Depending on the resulting set of tags, it is tagged against other
perspectives in accordance with the tagging hierarchy. For example,
assume the following: there are four perspectives, P1 with
categories C1 and C2, P2 with categories C3 and C4, P3 with
categories C5 and C6, and P4 with categories C7 and C8. Assume that
a document D would tag to C1 in P1, to C3 in P2, to C6 in P3, and
to C7 in P4. Assume the tagging hierarchy is as follows: P1 is at
the top. C1 "controls" P2, that is, documents are tagged against P2
only if they were tagged to category C2. C2 "controls" P3. C3
controls perspective P4. In this embodiment, D would first be
tagged against P1, resulting in a tag to C1. It would then be
tagged against P2, according to the tagging hierarchy, and this
would result in a tag to C3. It would then be tagged against P4,
resulting in a tag to C7. It would never be tagged against P3,
because it was not tagged to C2, which controls P3, so it does not
receive tag C6 (C is not classified into category C6). In another
embodiment, each document is classified against all perspectives in
a single operation. Resulting tags that violate the tagging
hierarchy are eliminated. Given the same example, in this
embodiment, D initially receives tags C1, C3, C6, and C7. Tag C6
violates the tagging hierarchy because it is in P3, which is
controlled by C2, but there is no tag to C2, so it is eliminated.
Both embodiments produce the same set of final tags.

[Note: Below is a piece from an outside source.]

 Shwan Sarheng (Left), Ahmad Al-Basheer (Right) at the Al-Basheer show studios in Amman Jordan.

[0081] Another capability of the present invention is to classify
based upon particular regions of the documents. Consider a document
that first discusses a symptom, then the cause of the symptom, then
the remedy. If this document were classified against a Symptoms
perspective it would classify well if it were classified based on
the text of the symptoms region of the document, and may classify
poorly if it were classified based on the entire text of the
document (for example, the symptom region of the document may talk
about fainting and the cause section of the document may talk about
low blood sugar. Low blood sugar may itself be a symptom--say, of
diabetes). This capability is achieved by additional input
parameters, additional functionality in feature finder 10 and
additional functionality in updating topic spotter 90. An input
parameter XMLRegions defines a set of XML tags. Text enclosed in
those tags (such a region of text is called an XML region) are used
in classifying a document; text not enclosed in those tags are
ignored when classifying the document. If none of the XML tags is
present in the document, a second input parameter UseWholeDoc
controls whether the entire document is used for classification or
the entire document is ignored (the document is not classified).

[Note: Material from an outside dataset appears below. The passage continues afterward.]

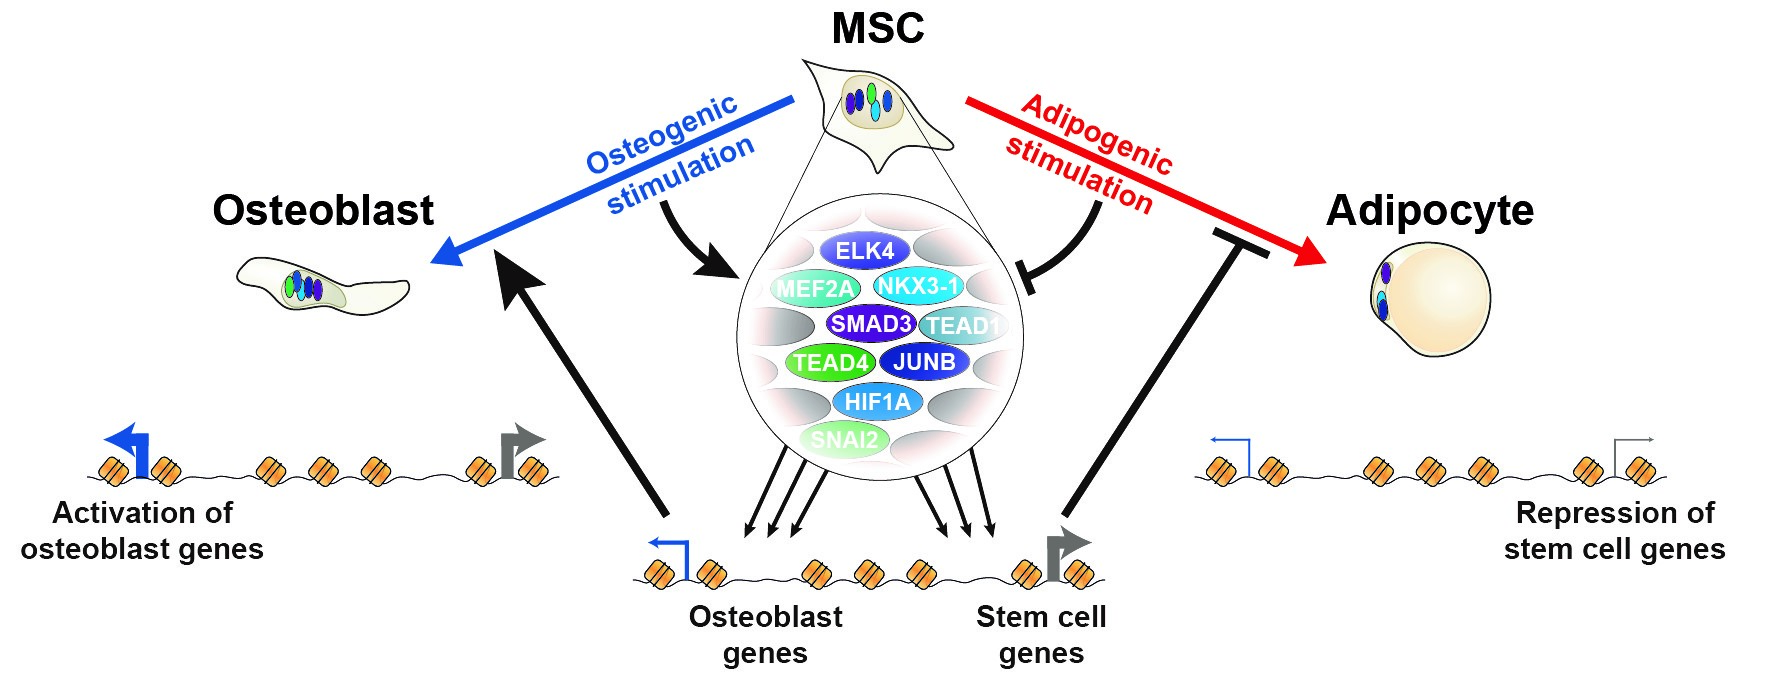 OsteoblastVSAdipocyte

When feature finder 10 is processing a document, it constructs one
feature vector 100 for the whole document, and one feature vector
100 for each XML region. It does this as follows: a feature vector
has an XMLTag attribute identifying an XML tag; if this attribute
is null, the feature vector is for the entire document. When
feature finder 10 encounters an XML beginning tag in the text, it
looks the tag up in the XLMRegions parameter. If it finds it, it
checks to see if a feature vector for that XML tag already exists,
and if not, makes one setting its attribute to that tag. It also
sets a flag in its memory to the effect that it is processing
within that XML region. When it matches a feature, it creates a
feature vector element in each feature vector for an XML tag for
which the flag is set, along with a feature vector element for a
feature vector for the entire document. When feature finder 10
encounters an XML end tag in the text, it looks the tag up in the
XLMRegions parameter. If it finds it, it clears the flag to reflect
the fact that it is no longer processing within that XML region. No
feture vector elements will be added to the feature vector for that
XML region until another beginning XML tag for that region is
encountered. Topic spotter 90 is updated during training and
computes scores for categories during classification with all
feature vectors whose XMLTag is not null. If no such feature
vectors exist for a document, then if the UseWholeDoc attribute is
set, topic spotter 90 is updated during training and computes
scores for categories during classification with the feature vector
for the entire document. In this way, the present invention may be
configured to train and topic spot within specific XML regions.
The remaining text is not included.